4-: From The Dublin Evening Herald (Dublin, County Dublin, USA) of Monday 14th May 1849 [page 3, column 6]:
[In] the Weekly Advertiser of the 5th inst., […] a provision vendor announces an opening for “a young man, to conduct the butter, bacon, cheese, and ham department, who must have first-rate abilities!”
We can well imagine the chancellor of the exchequer eagerly snapping up the lucky proprietor of such gifts, and popping him into a warm berth in the mint, in the wagging of a lamb’s tail.
5-: From the Springfield Daily Republican (Springfield, Massachusetts, USA) of Friday 29th August 1851 [page 1, column 1]:
“Talk about your fast horses!” said Jonathan. “Why, I guess you never heerd tell how father’s old blind mare got both her eyes knocked into one, did yer? Wall, you see, we’d turned her out to pastur, one day, in a ten acre lot, where the hornet’s nests was as thick as fifteen gals at a quiltin’ party. And what does the tarnal contrary old critter do but jest go and stick her nigh fore foot right slap down inter one on ’em, which as a nateral consequence fetched the whole etarnal swarm of yaller-legged varmints about her ears, in less’n half a shake of a lamb’s tail.”
6-: From The Emigrant’s Guide to the Western states of America; Or, Backwoods and Prairies (Edinburgh: Oliver & Boyd, [1852]), by John Regan [Chapter 21: Debate on Slavery, page 148]:
“You’re barking up the wrong tree, sartin, if you mean to help yourself out of difficulty by sich talk as that. You’ll get the deeper bemired, and founder right off, if you don’t make off for a neater road nor that ’ere. […] You’ll run against a snag in about three shakes of a lamb’s tail. I can see it.”
7-: From a letter by ‘Terry Driscoll’, dated Stoneybatter, Thursday 9th September 1852, published in The Clonmel Chronicle, and Southern Counties’ Agricultural and Commercial Gazette (Clonmel, County Tipperary, Ireland) of Wednesday 15th September 1852 [page 4, column 4]:
There’s no harm in life in residin’ in a counthry where you can speak yer mind on letther-paper, without bein’ warned, in something sthronger than a ‘pig’s whisper,’ that if you do so again, you’ll have to make yourself scarce in the waggin’ of a lamb’s tail!

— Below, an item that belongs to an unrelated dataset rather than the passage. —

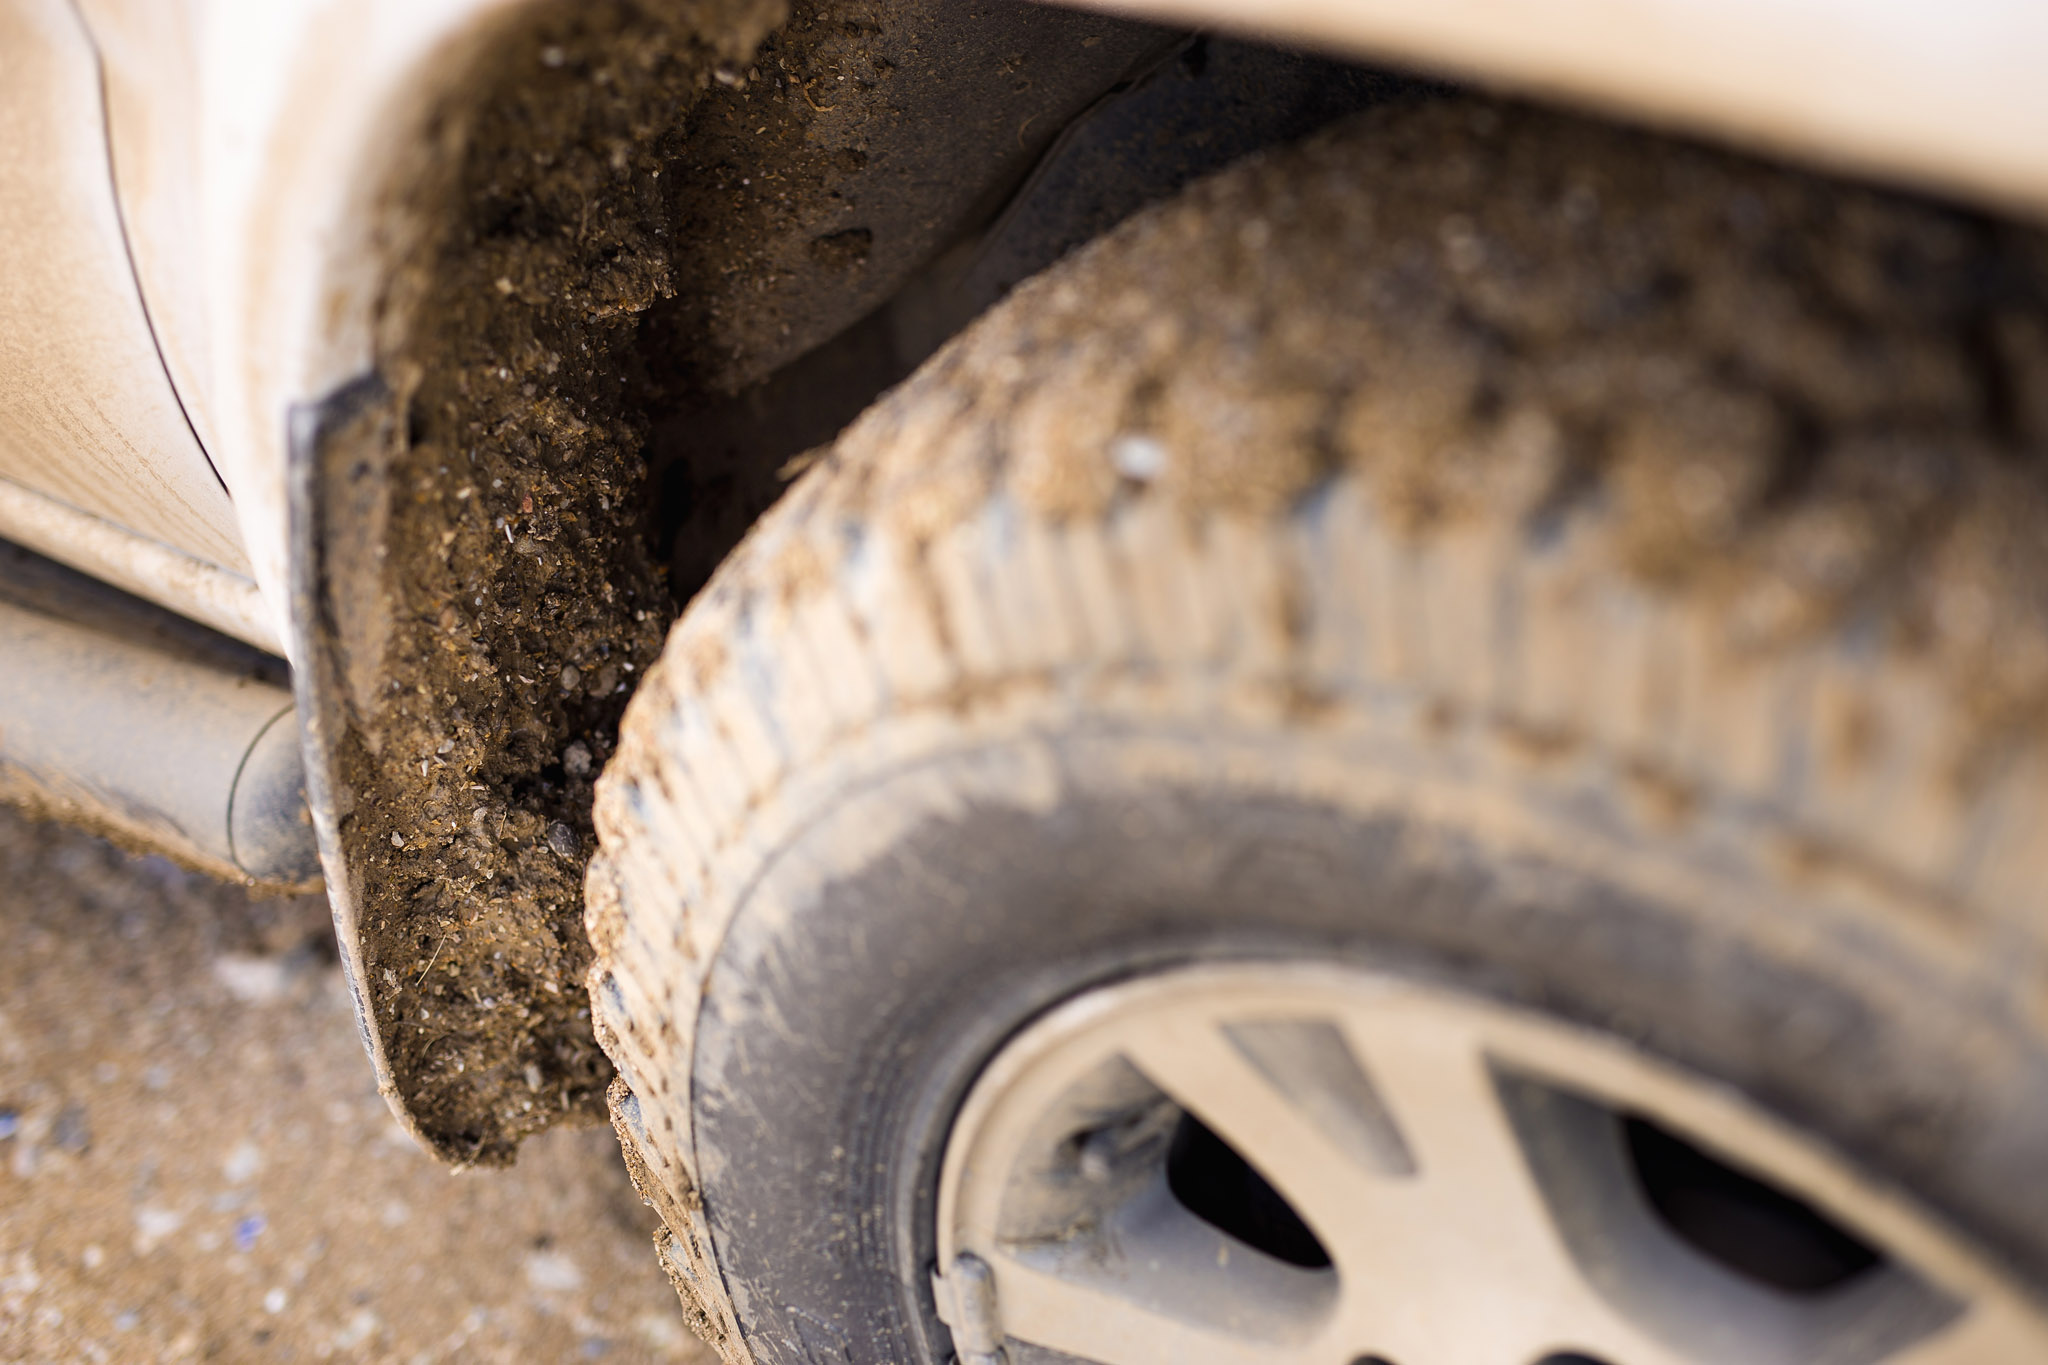 wedding-travellers-argentina-coast-car-dirt-sand-everywhere
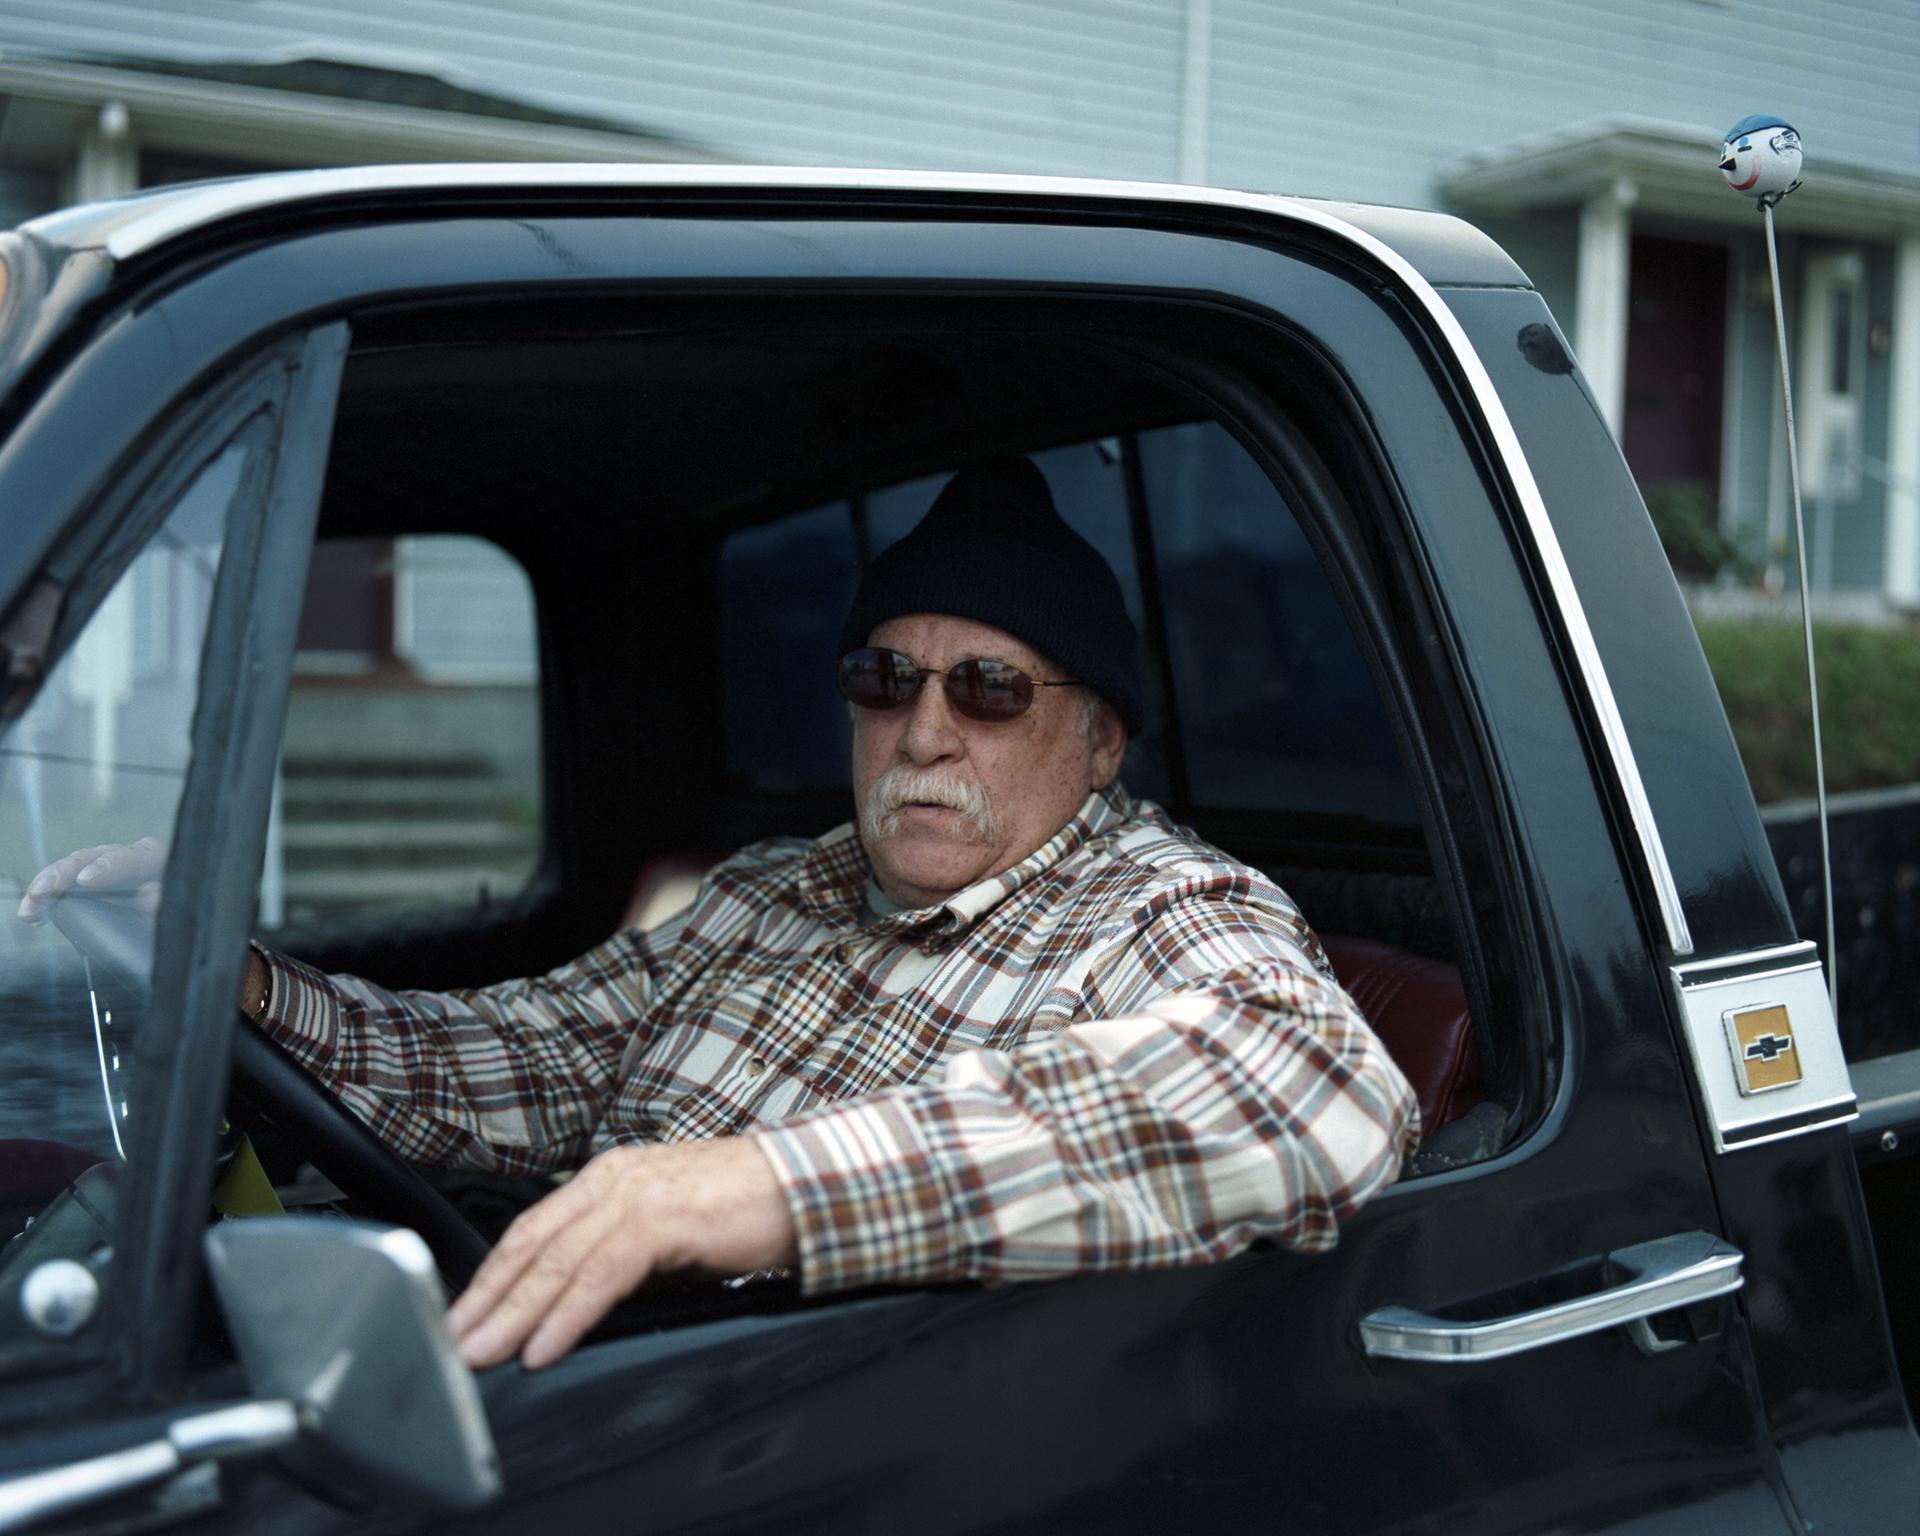 john in truck.jpg

8-: From a letter by ‘Terry Driscoll’, dated Stoneybatter, Saturday 24th March 1853, published in The Dublin Evening Herald (Dublin, County Dublin, USA) of Monday 26th March 1853 [page 4, column 6]:
He invited ’em into a back parlour, and begged they’d wait till he’d send off a bit of a note to a friend that he expected would arrange it for him. The messenger was back in the shakin’ of a lamb’s tail.